I needn’t have worried. The cleaning lady chose that moment to open the door from the inside, startling the cat, who – it turns out – is of a rather nervous disposition. She leapt up as if she’d been shot and launched herself forward. This was an unfortunate choice of direction as it happened to be where I was standing at the time, but I don’t think she paused to think it through, in her panic.

“Yowwwwwwwwwwwwwl!” she shrieked, in a deep, guttural moan louder than I would ever have believed possible for a small and mangey cat. “Oh, aw-taw-kayyyyyy!!!” cried the surprised cleaning lady, dropping her mop bucket. “Holy FECK!” I howled, definitely not in Korean, unsuccessfully trying to fight off a deranged and psychopathic wildcat with my dripping umbrella. I staggered back down the steps, landed in the roaring rapids, dropped my umbrella, splashed around a bit in an attempt to regain my balance, and looked up to see the cat doing a frantic breaststroke down the street in an effort to get away while the cleaning lady collapsed against the wall and burst into uncontrollable giggles.

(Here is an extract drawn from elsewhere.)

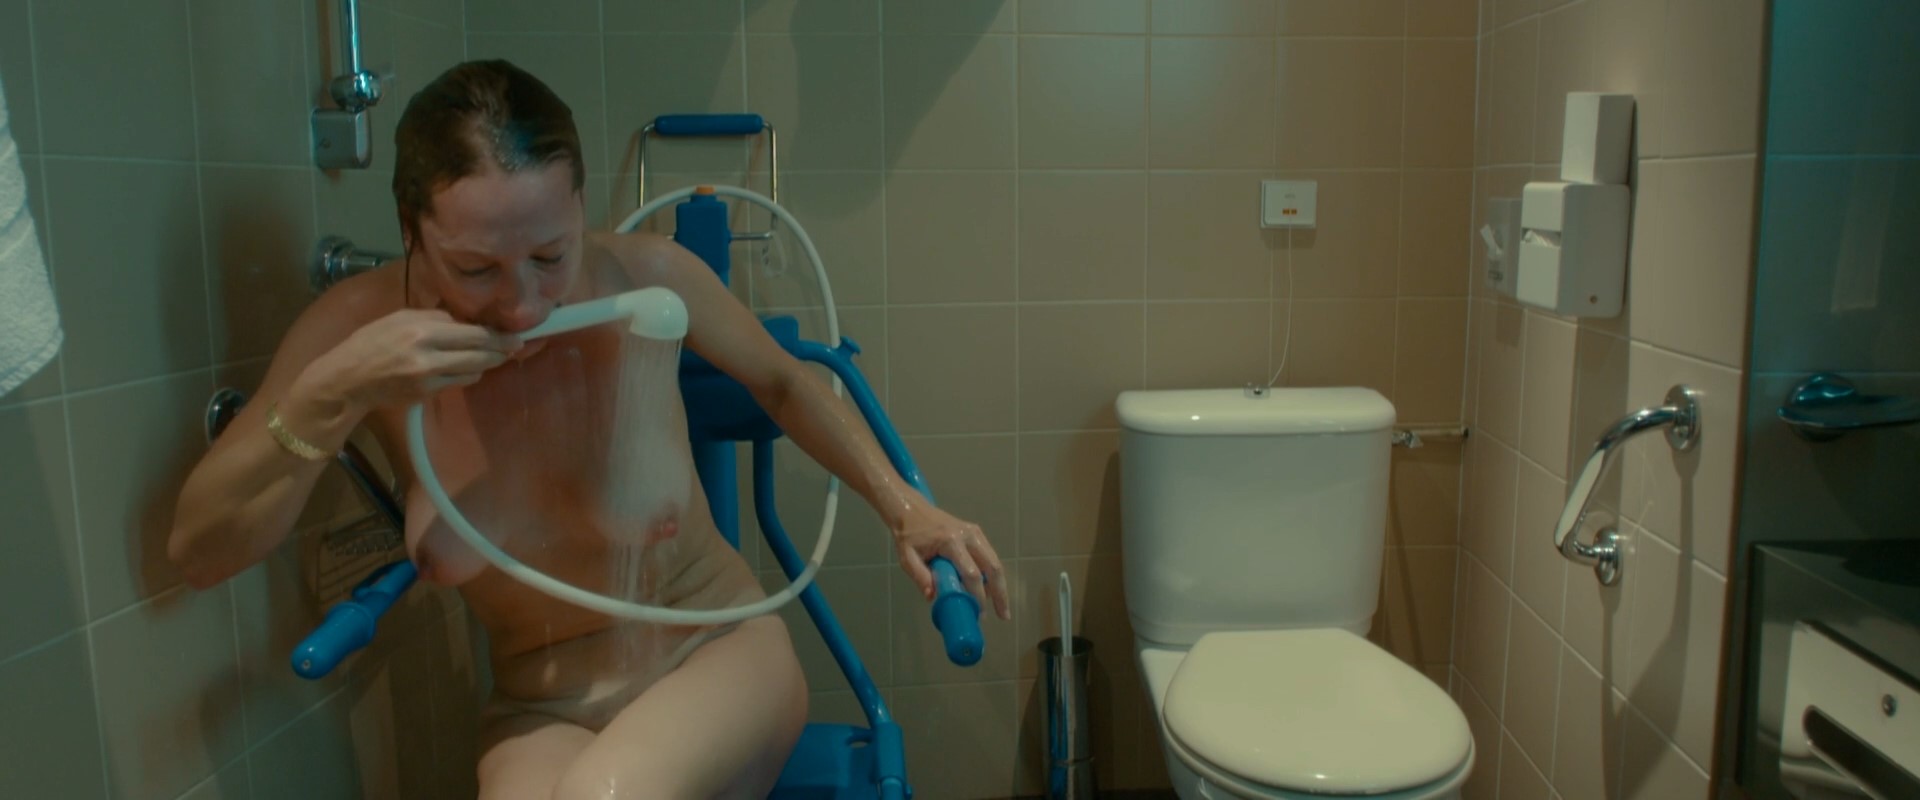 Emmanuelle Bercot - Mon roi (2015) HD 1080p

In as dignified a manner as one can manage after being attacked and pushed down a flight of stairs into a street-river by a small and malnourished stray cat, I picked up my umbrella, shook myself to remove excess water, and squelched soggily up the steps, past the hysterical cleaner, and into the building, where of course I slid on the wet floor and dropped my umbrella again as I crashed against someone’s door in an effort not to fall over.

The world is a dangerous place. I think I’ll have a glass of wine.